[Data — start]

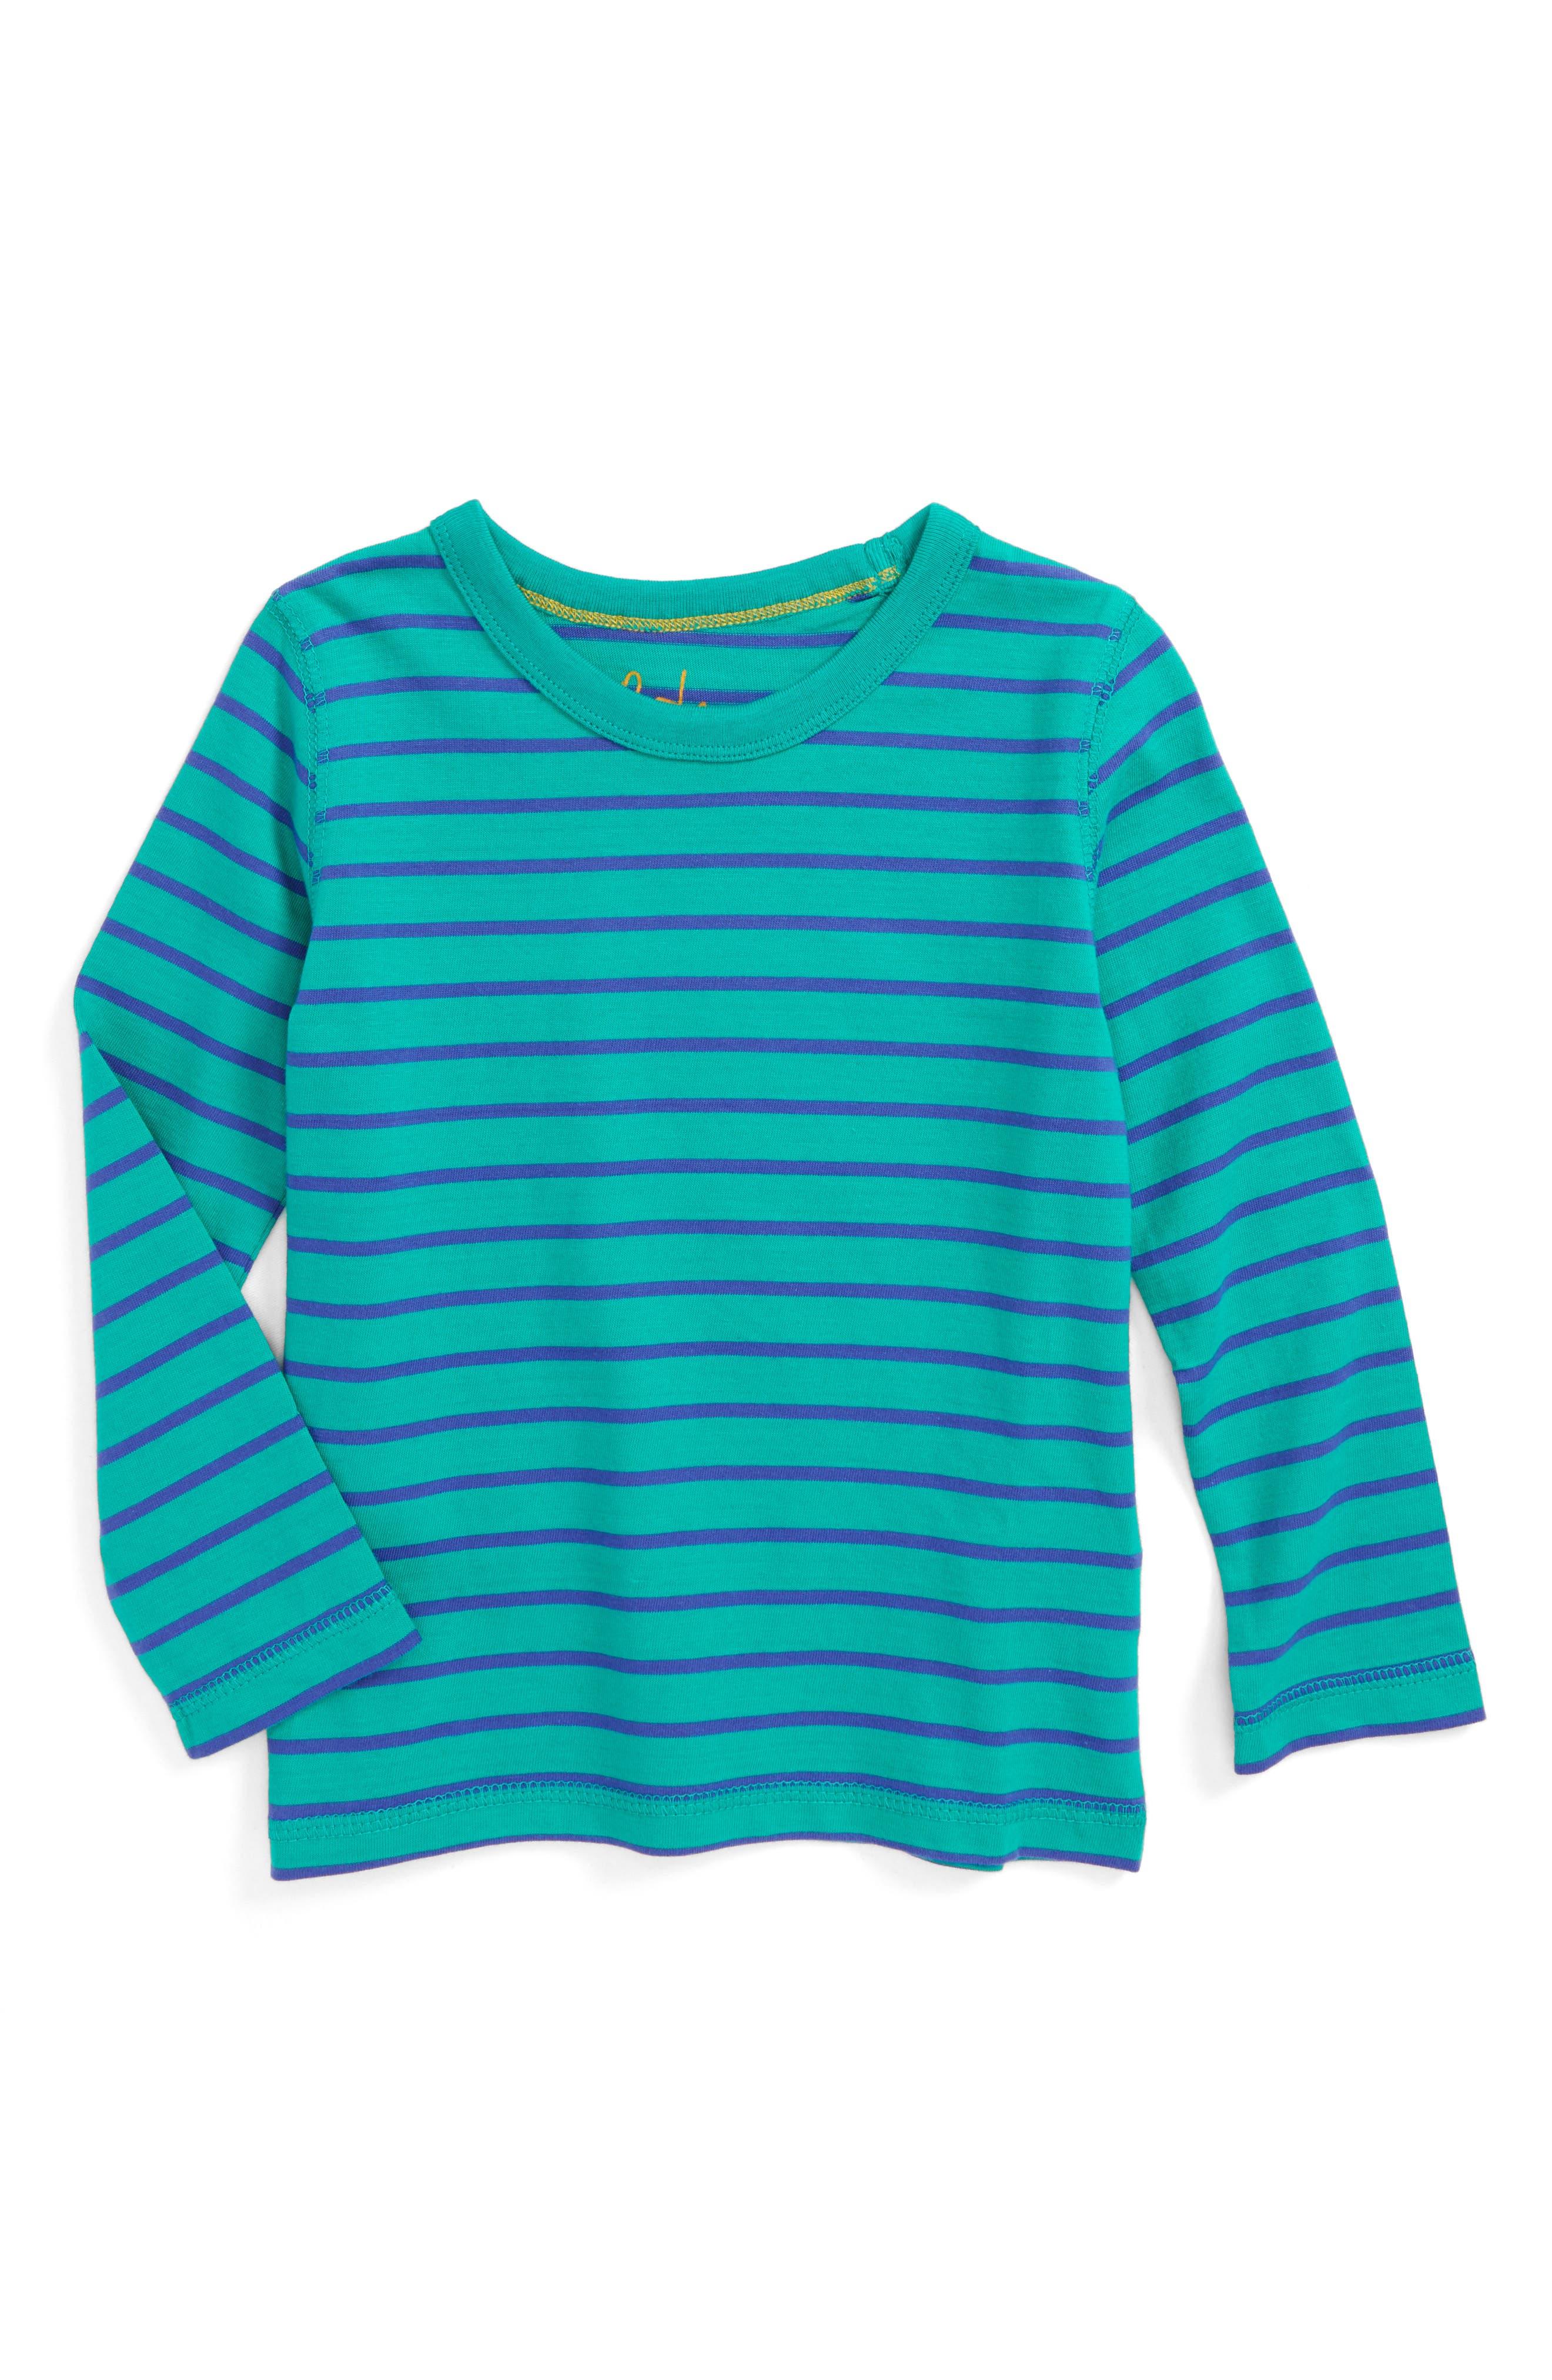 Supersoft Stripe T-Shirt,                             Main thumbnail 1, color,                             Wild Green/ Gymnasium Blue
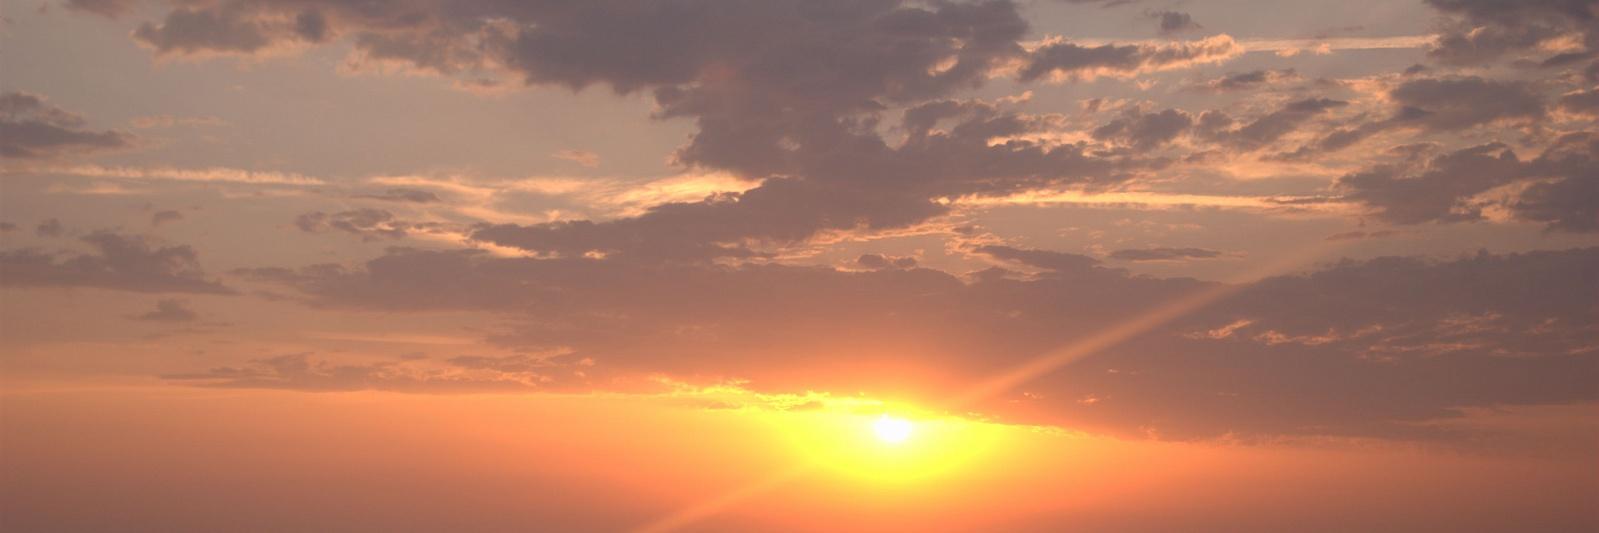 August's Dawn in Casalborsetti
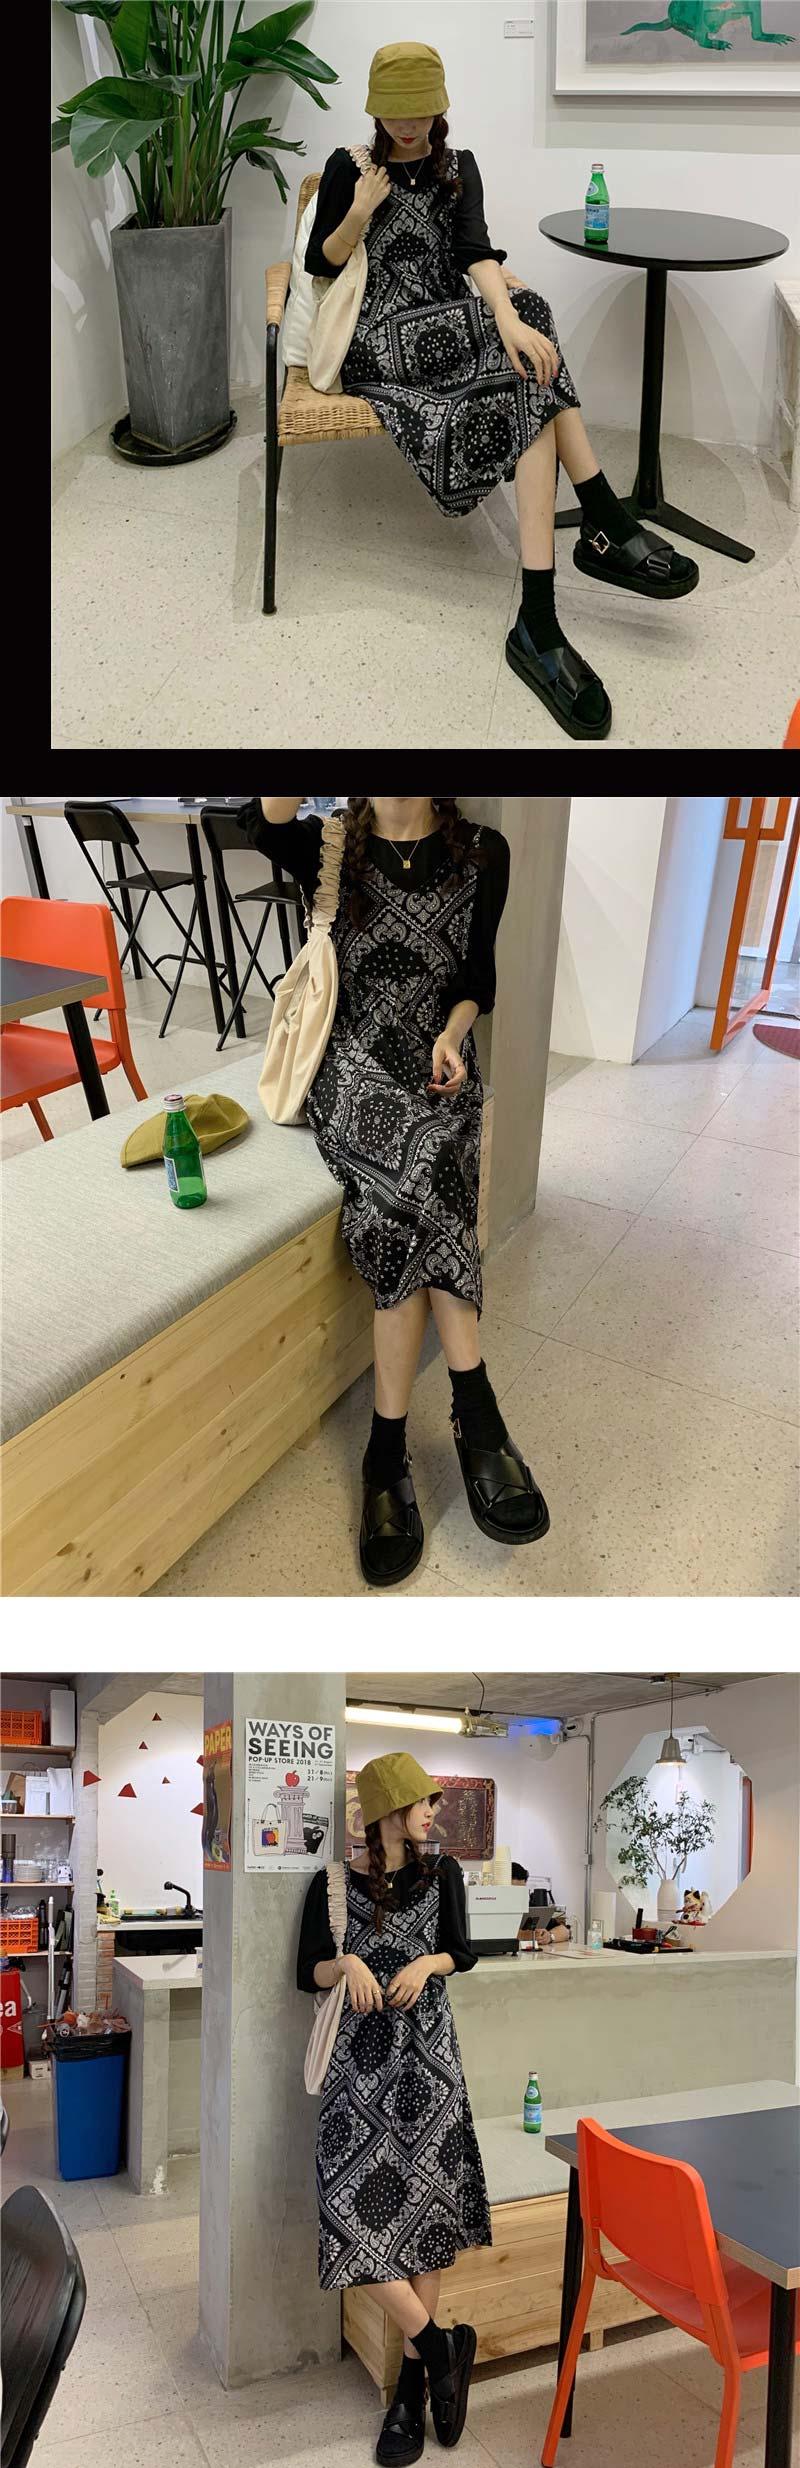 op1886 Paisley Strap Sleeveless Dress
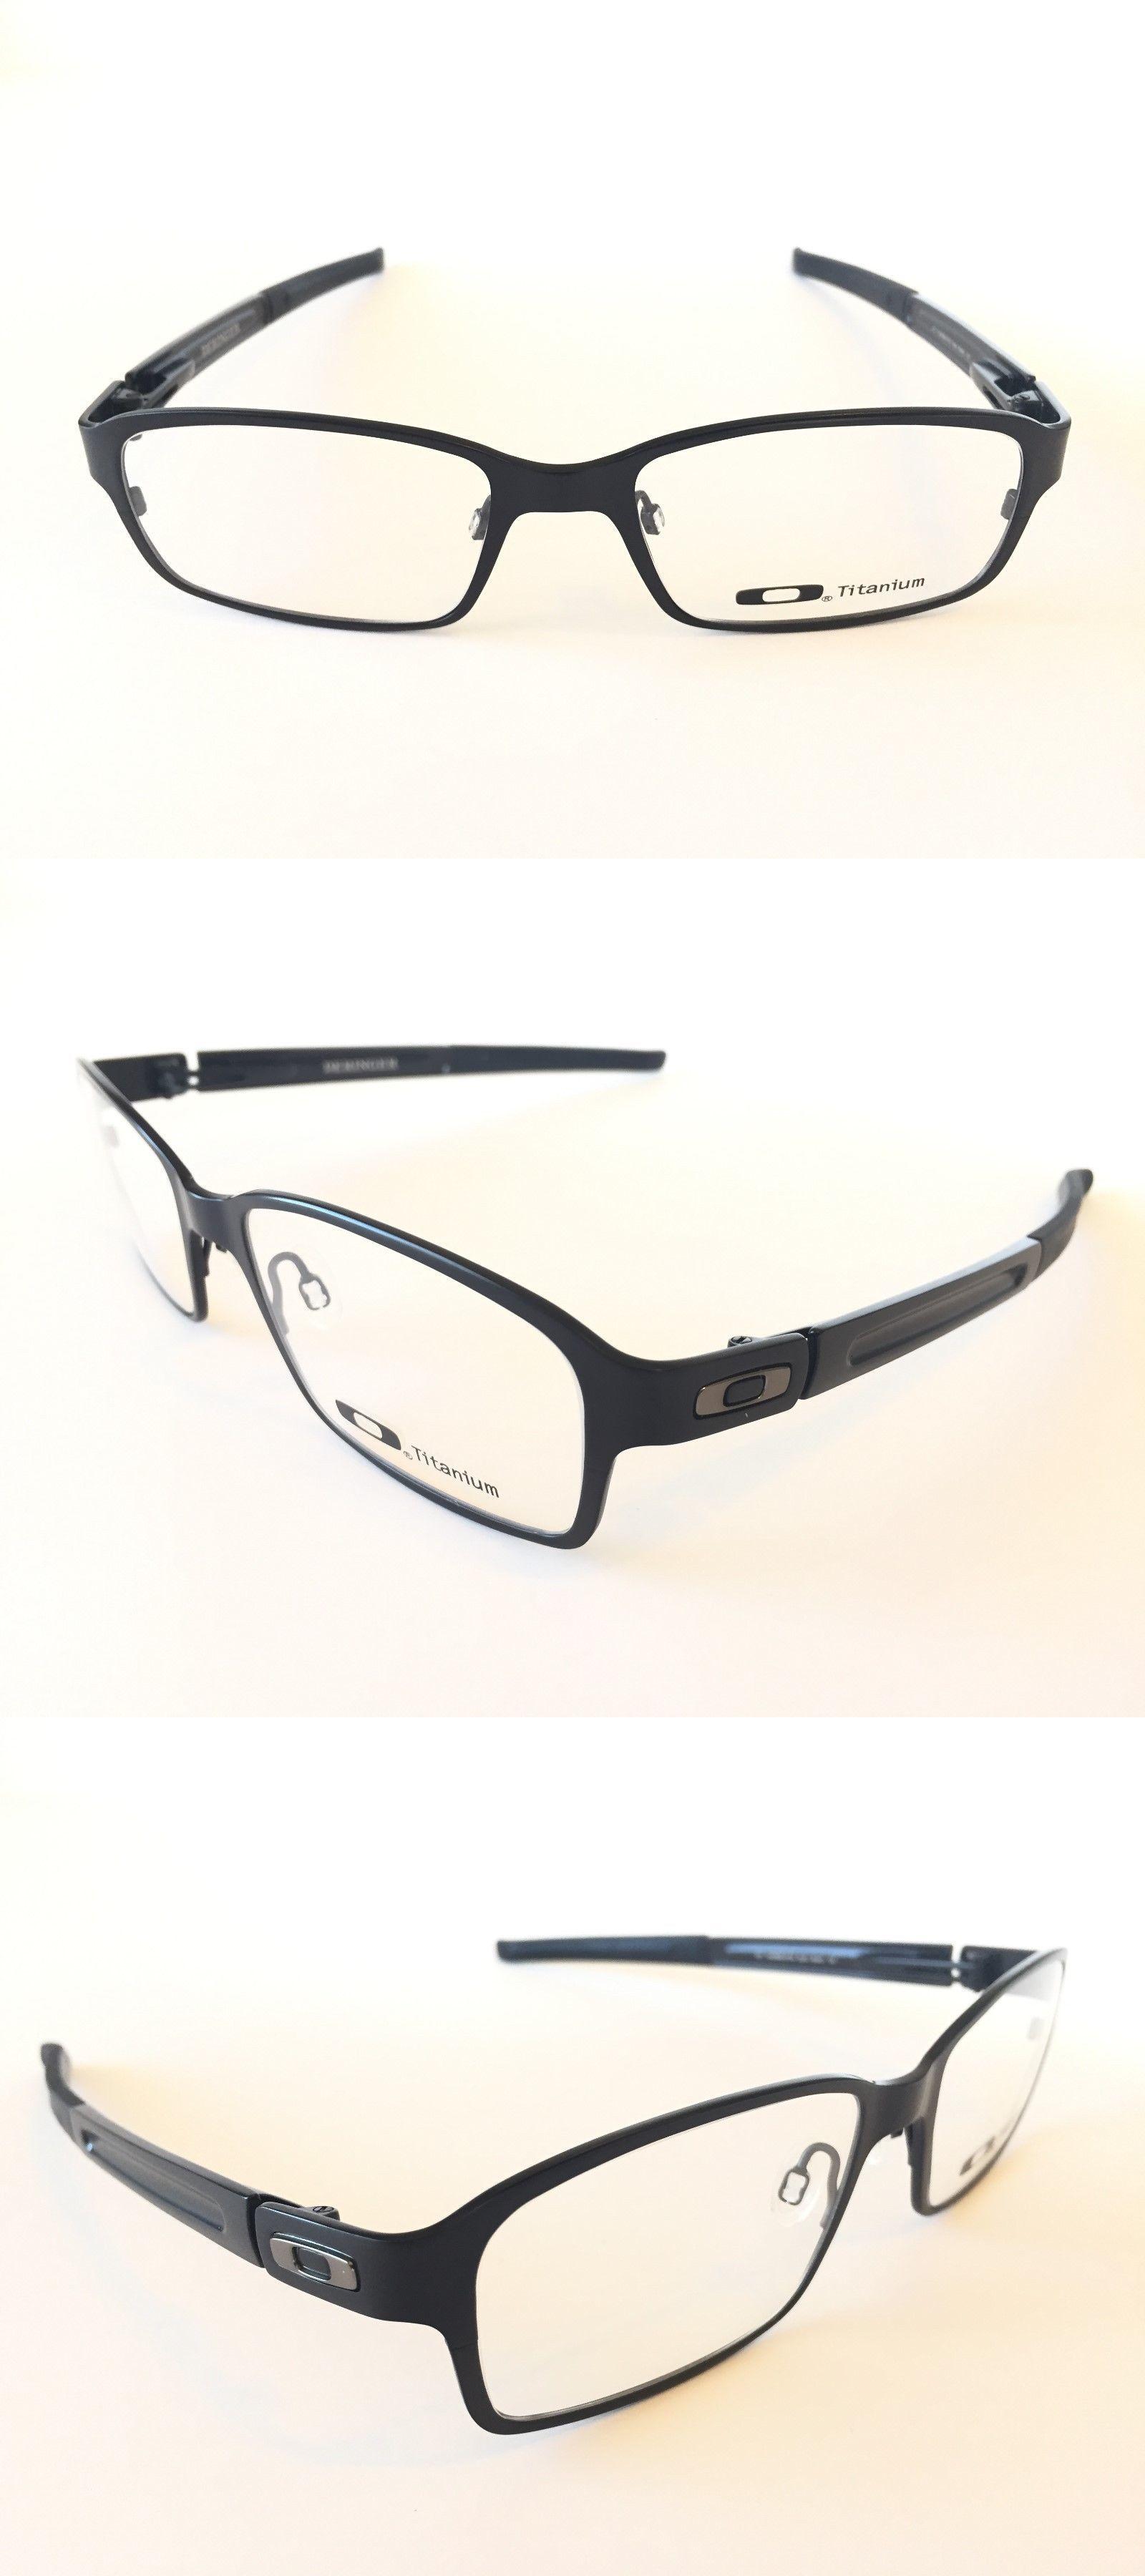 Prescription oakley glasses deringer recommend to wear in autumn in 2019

[Data — finish]

Leaving out the pictures, output the listing above exactly as given.

 Supersoft Stripe T-Shirt,                             Main thumbnail 1, color,                             Wild Green/ Gymnasium Blue
 August's Dawn in Casalborsetti
 op1886 Paisley Strap Sleeveless Dress
 Prescription oakley glasses deringer recommend to wear in autumn in 2019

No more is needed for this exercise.